Strategies to Diversify Graduate Applicant Pool
Identify and make personal contact with department chairs and program directors at minority serving institutions (e.g. HSI’s and HBCU’s). Genuinely get to know them and what they’re looking for in programs they recommend to their students. Ask questions and actively listen. Remember that with the current climate and the prominence of the Black Lives Matter movement there’s an abundance of folks reaching out to them to just give them information about their programs, but very few who are trying to listen and understand.
Inform in Abundance
Providing information prominently helps applicants gain confidence in the application process. This should go beyond resources provided by UCI’s Graduate Division and should include specific guidance on the personal statement as well as FAQ. Invite prospective students and program directors to open house orientation sessions to provide information about the program, network, and answer questions.

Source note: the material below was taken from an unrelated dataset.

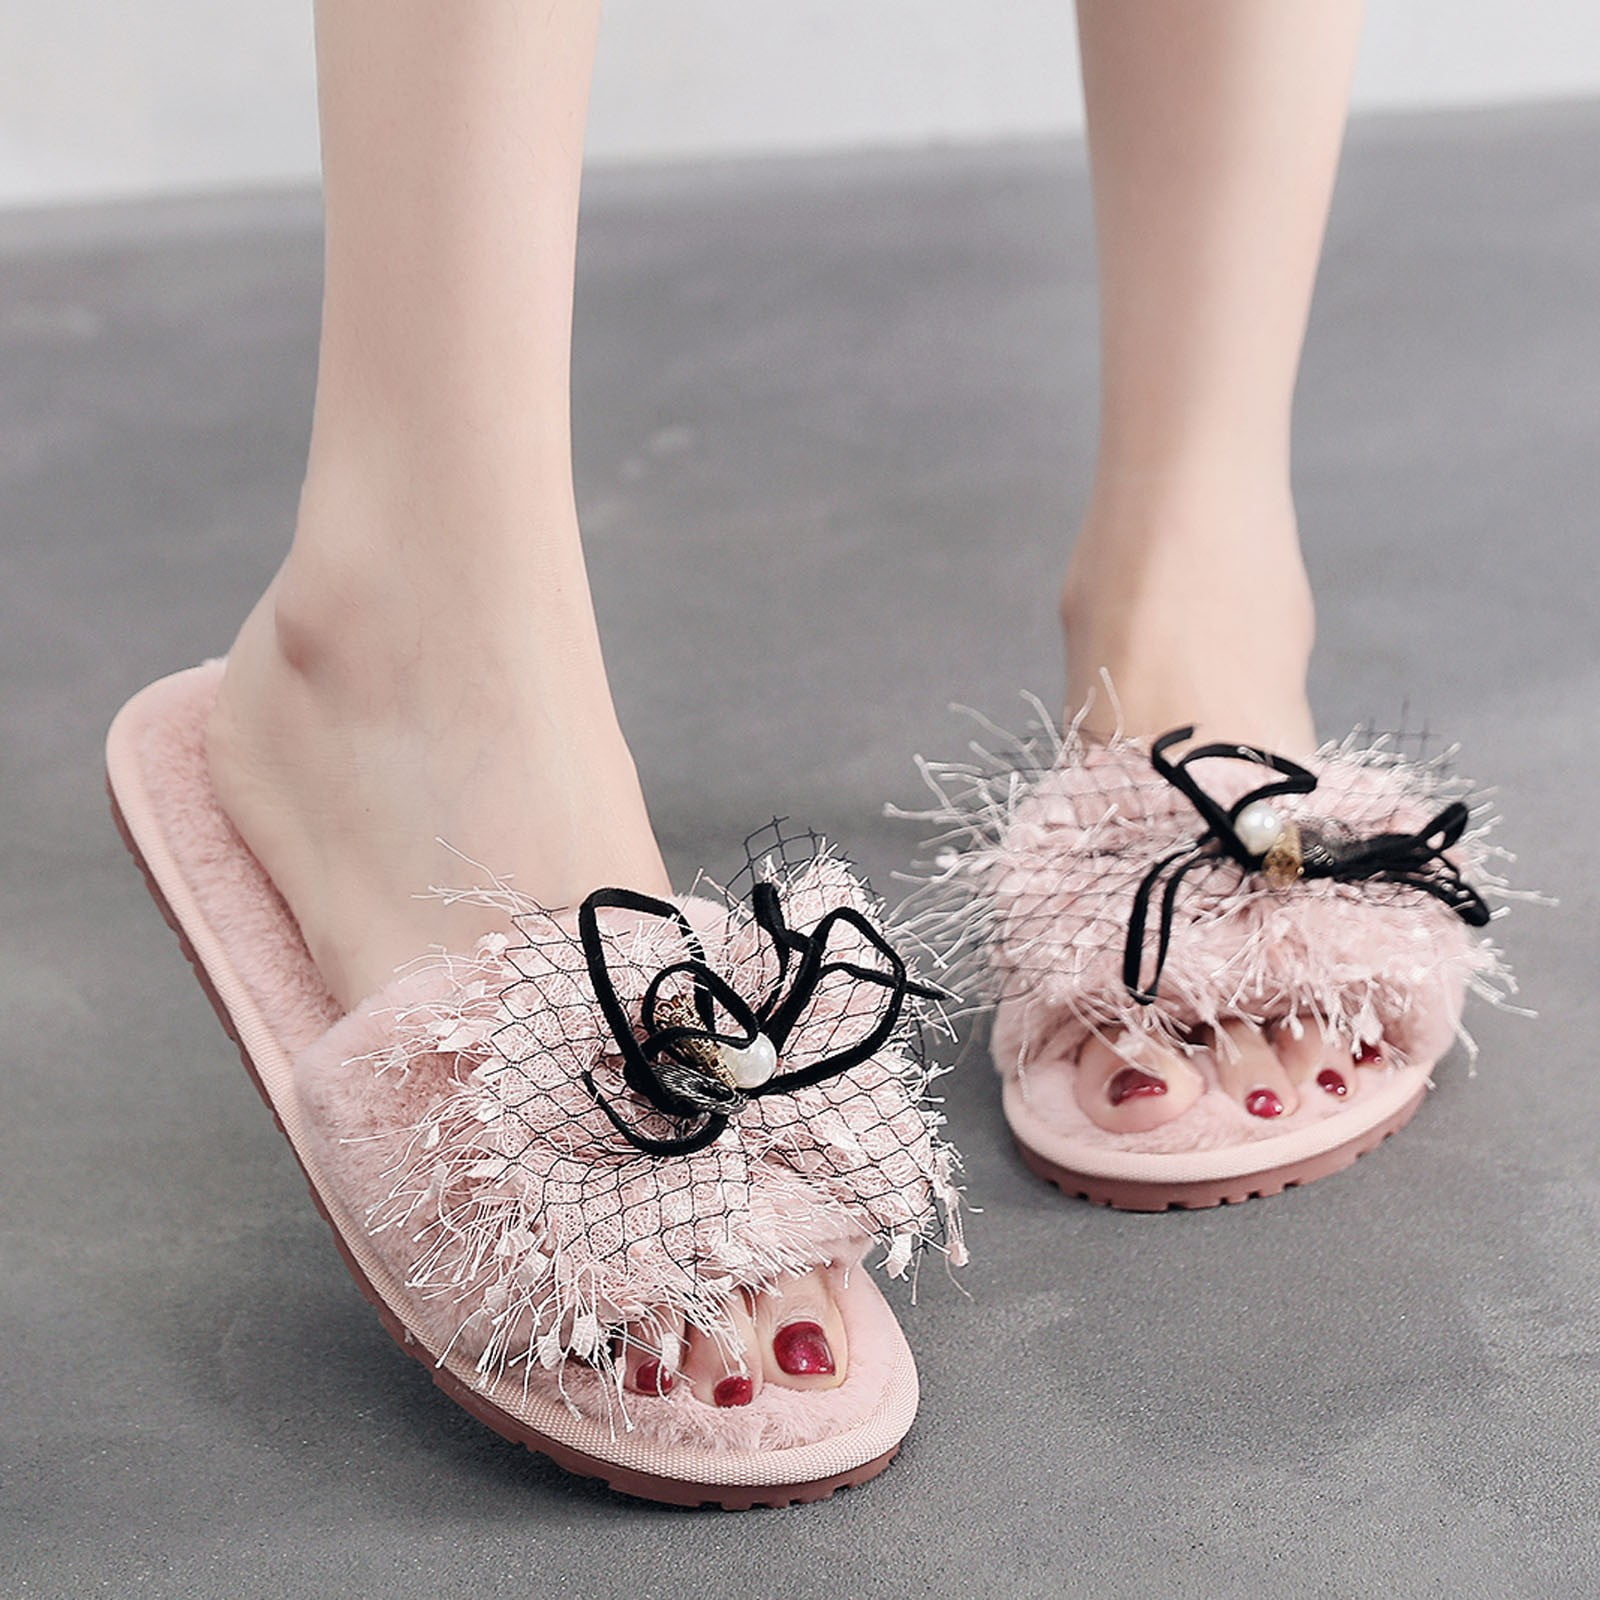 NEW WOMENS LADIES FURRY COMFY COSY HOUSE KITCHEN FLAT MULE WARM SLIPPERS SIZE UK
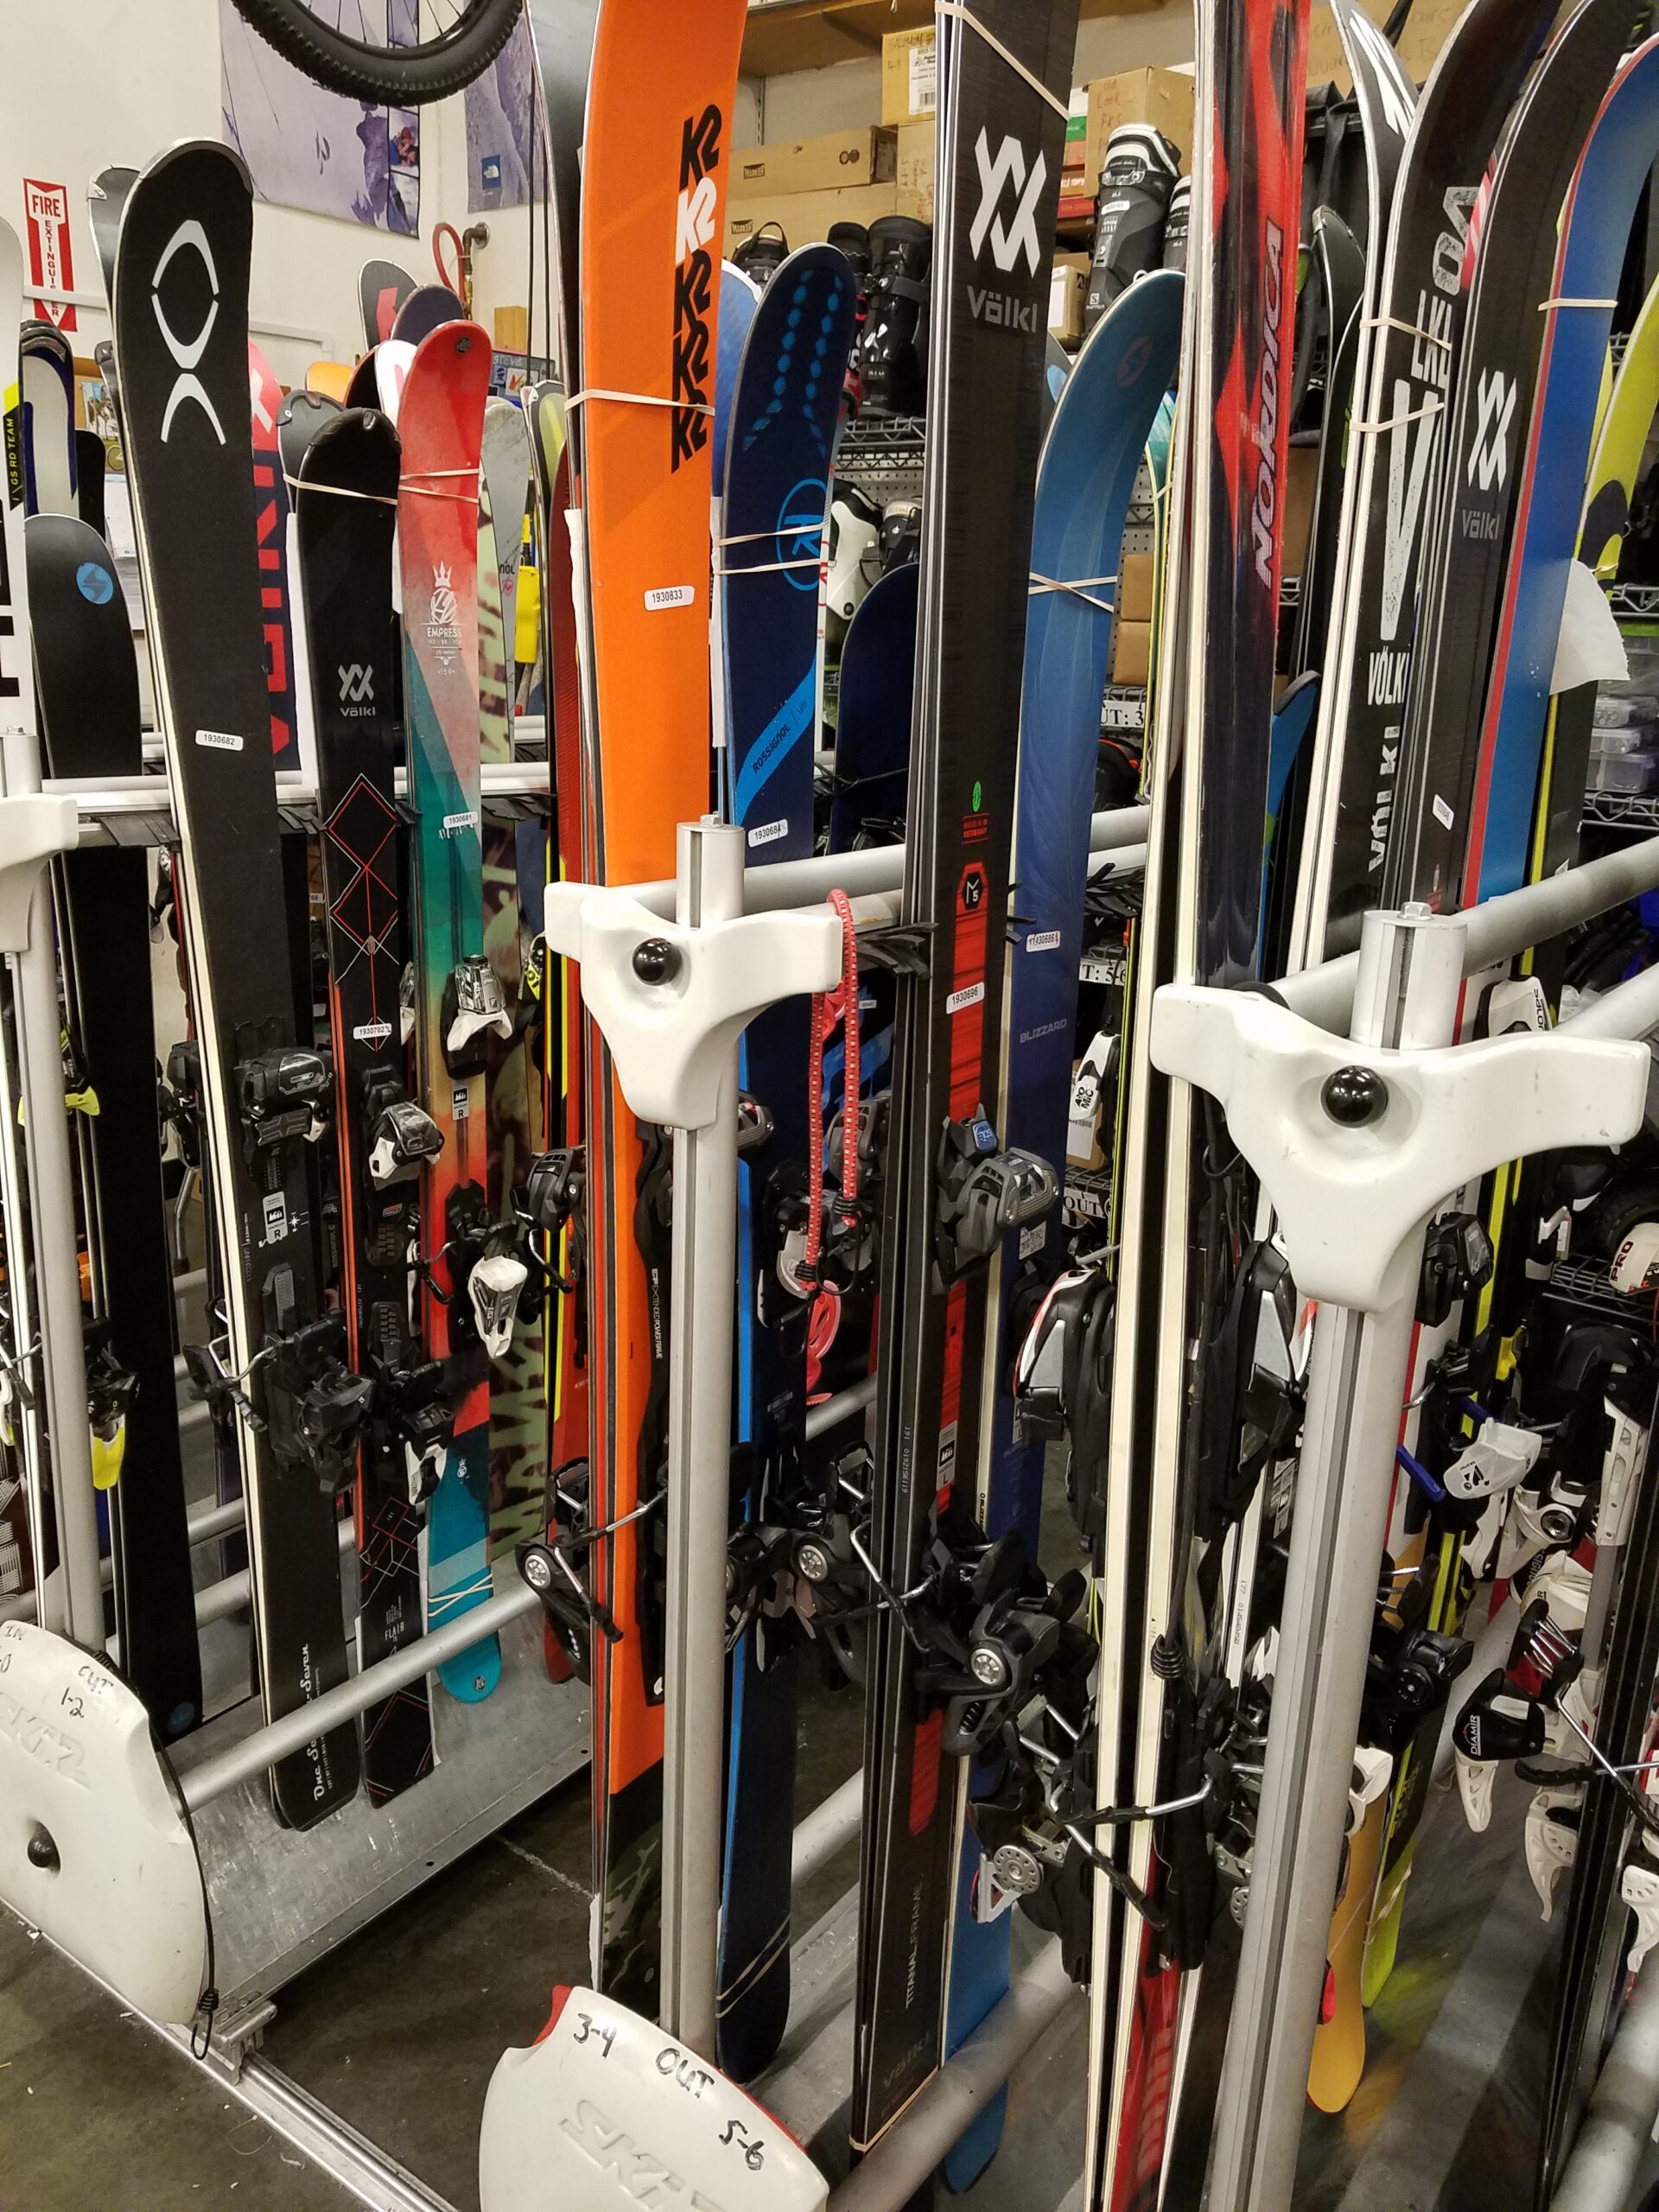 Skis and snowboards in racks waiting to be waxed

Invite faculty and ask them to show a single slide featuring the work of one of their students.
Provide Access to Educational Content
Provide access to educational content provided by your program such as annual trainee meeting, seminars, colloquia, etc. Students can get a feel for the program’s inclusive atmosphere this way. For example, are students able to ask questions freely? Do students introduce speakers?
Minority-Serving Conferences and Organizations
Ensure active presence at major conferences highlighting the work of minoritized students, e.g. SACNAS and ABRCMS. Actively advertise for your booth and create social and fun networking activities. Remember that you’re competing with other programs! Use social media and popular hashtags for organizations and networks (e.g. #BlackinNeuro) to connect and inform about your program.
Provide High Quality Materials and Information
Provide program directors and department chairs with high quality professionally designed print and digital materials that can be distributed to interested students and displayed prominently in department common spaces. This should include data and track record in terms of success outcomes and compositional diversity, and not just information about program requirements. Remember that you’re selling and competing!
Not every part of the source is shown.